▸ Dataset content:
* * * * * * *

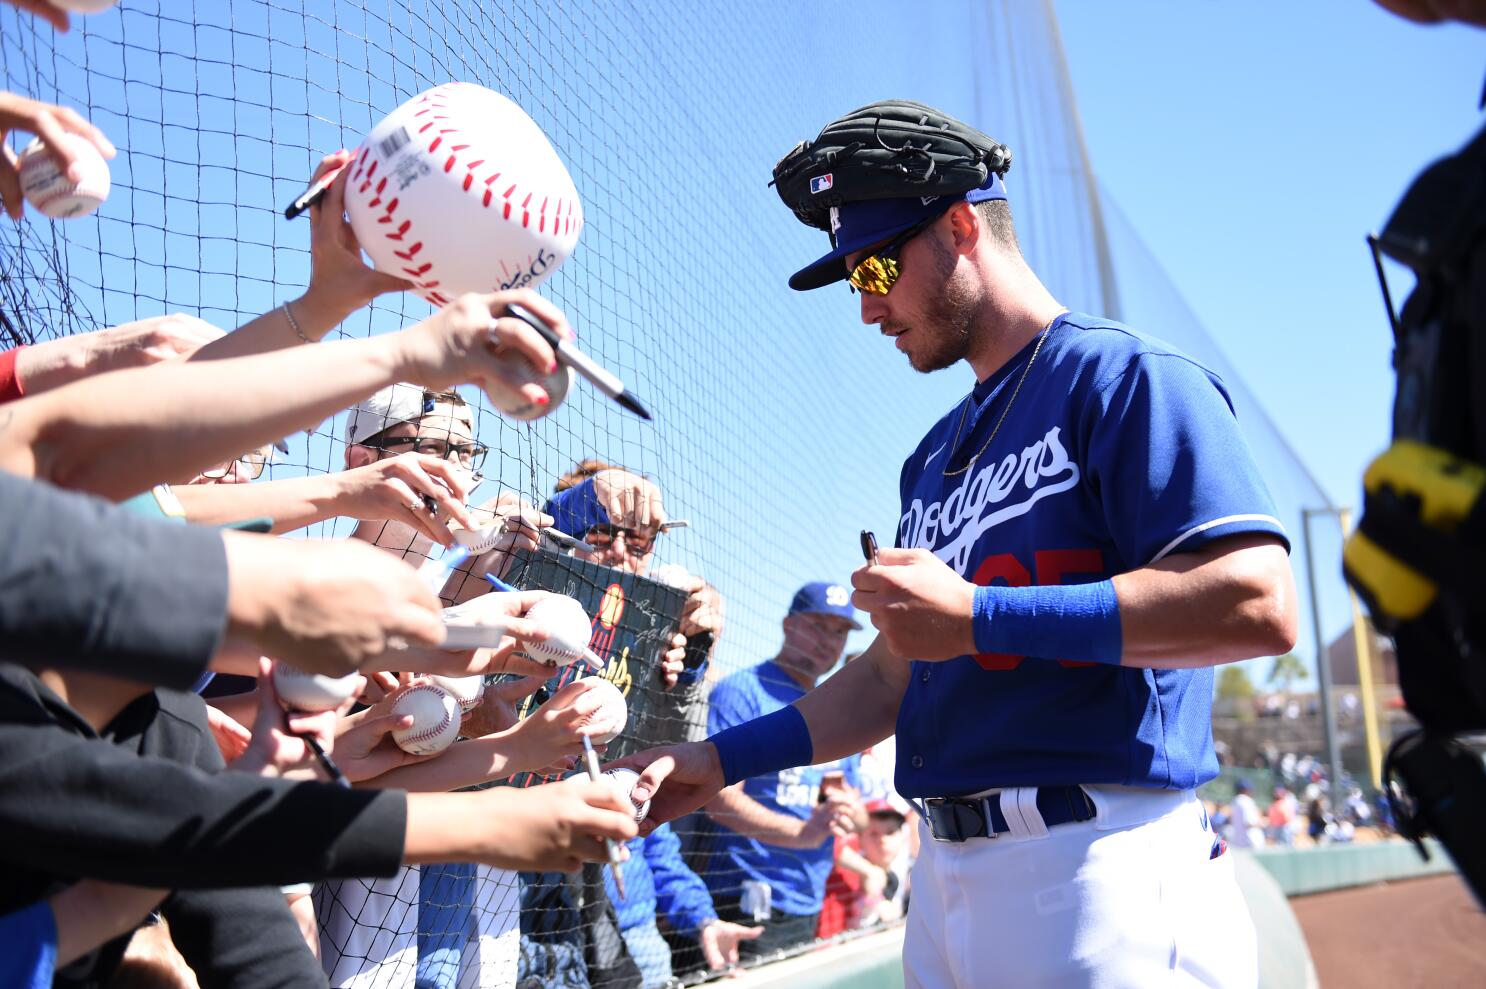 Coronavirus: Why MLB is advising players not to sign autographs
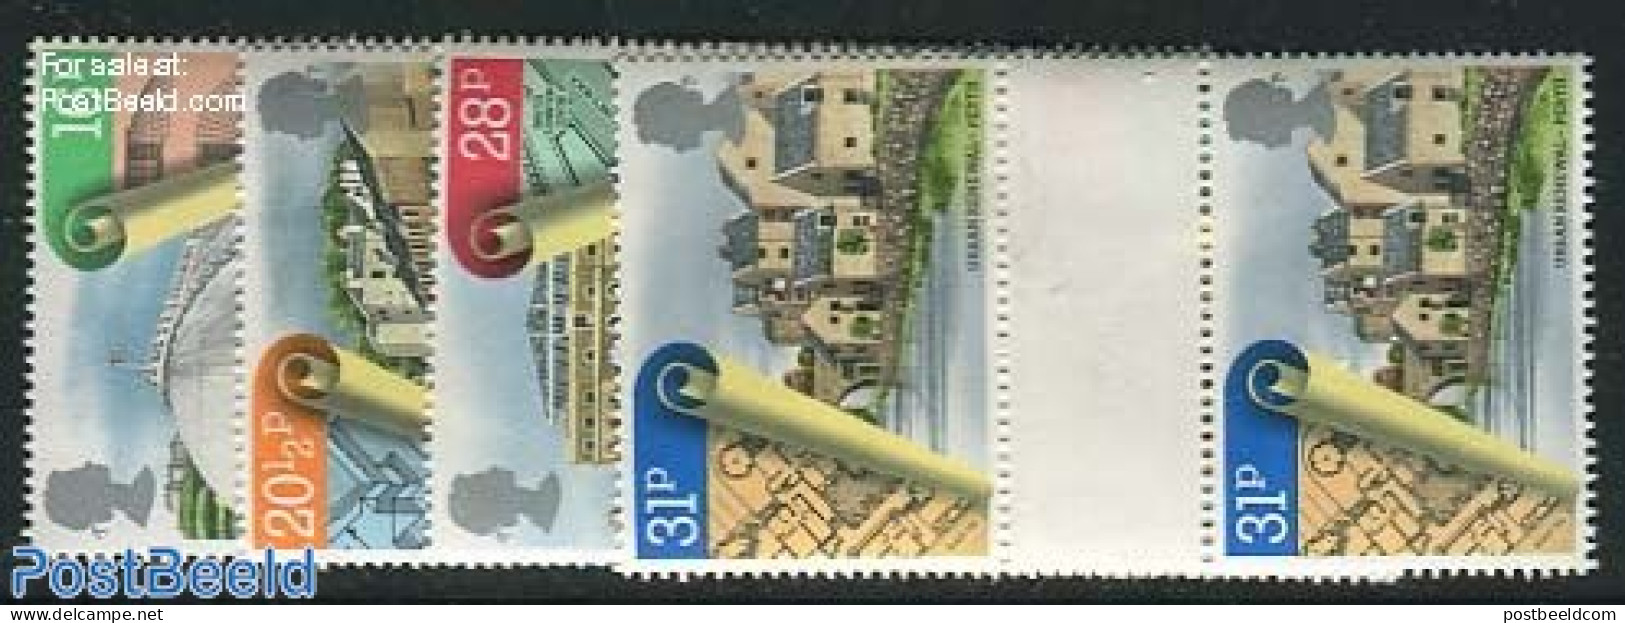 Great Britain 1984 City Renewals 4v Gutter Pairs, Mint NH, Nature - Various - Gardens - Maps - Art - Modern Architecture - Unused Stamps
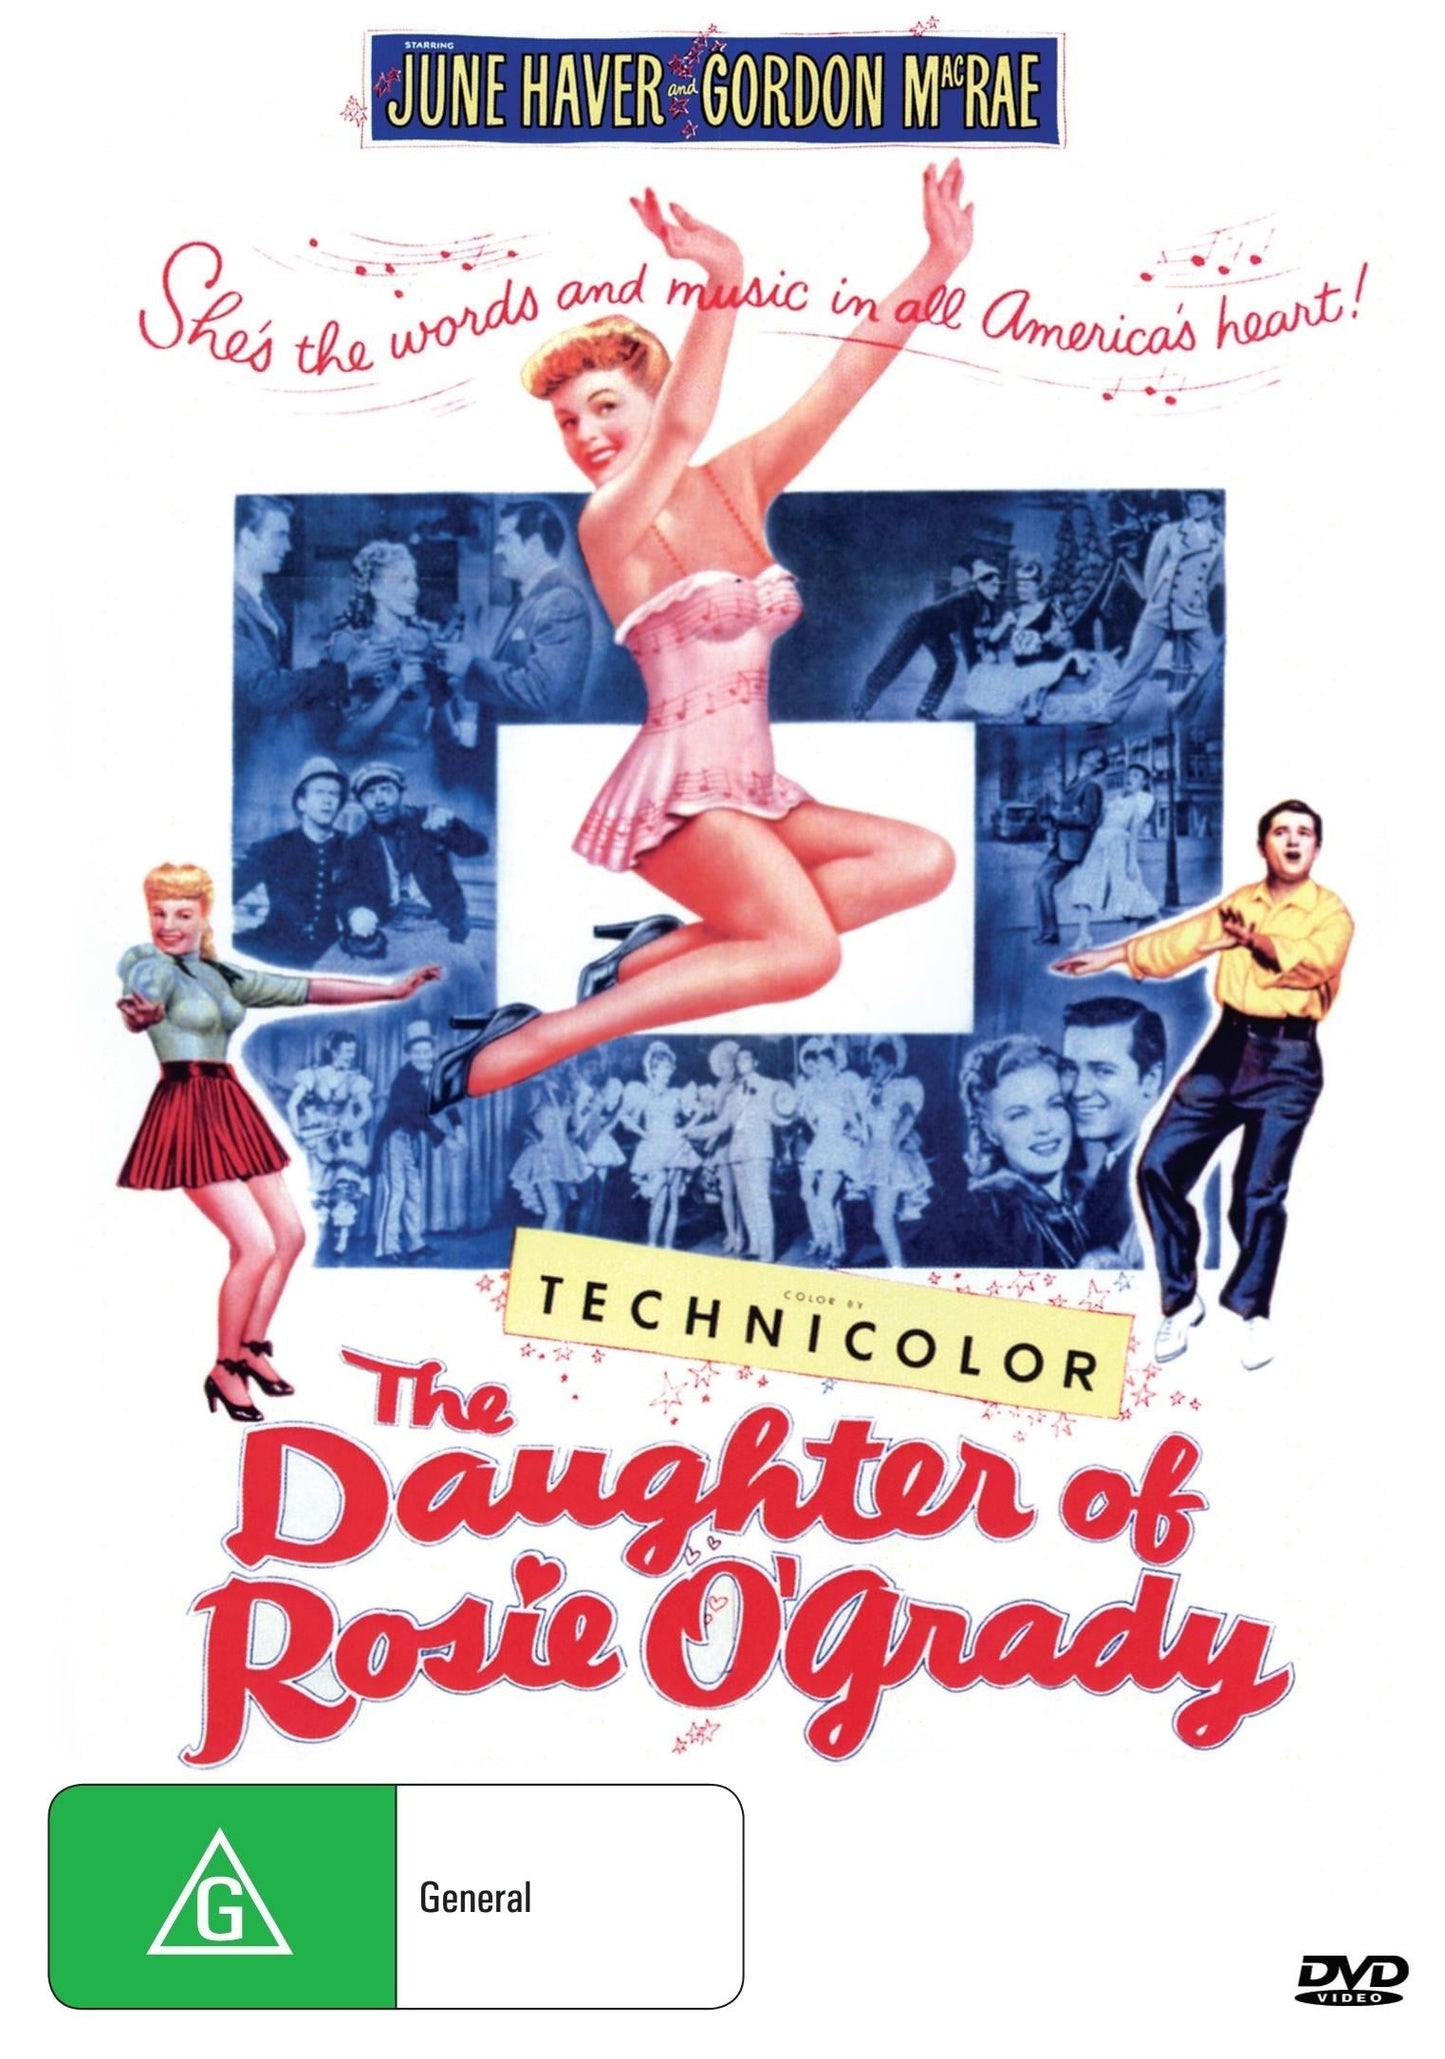 The Daughter of Rosie O'Grady rareandcollectibledvds
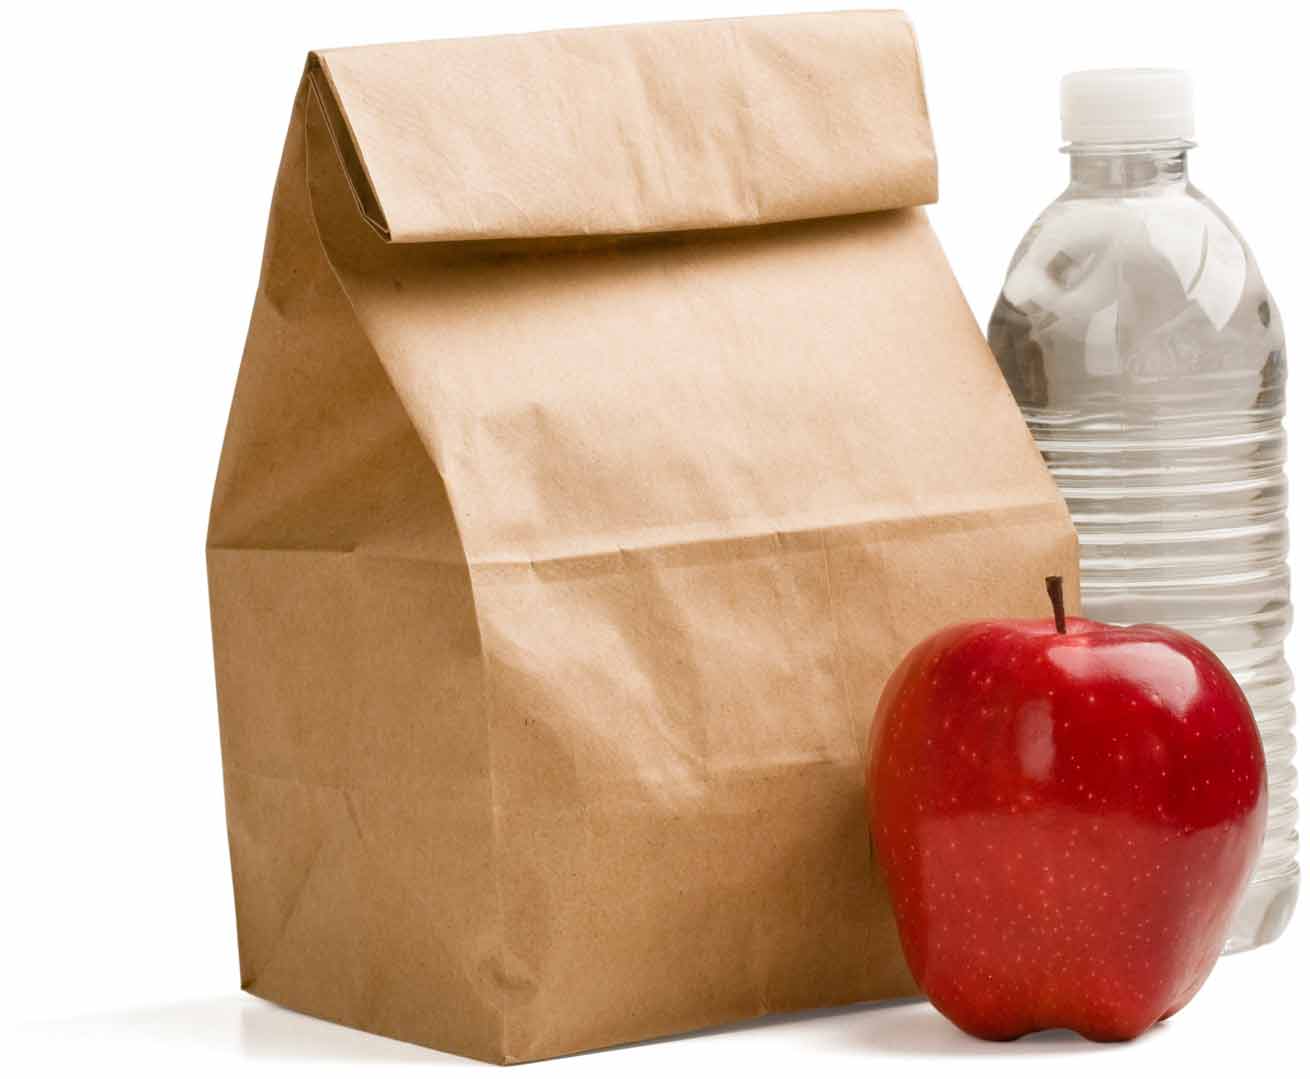 Build Sack Lunches and Deliver to Interfaith in Escondido

* * * * * * *

▸ Your instructions:
The expected answer is the whole listing above, copied exactly, with images excluded.

▸ Exercise response:
 Coronavirus: Why MLB is advising players not to sign autographs
 Great Britain 1984 City Renewals 4v Gutter Pairs, Mint NH, Nature - Various - Gardens - Maps - Art - Modern Architecture - Unused Stamps
 The Daughter of Rosie O'Grady rareandcollectibledvds
 Build Sack Lunches and Deliver to Interfaith in Escondido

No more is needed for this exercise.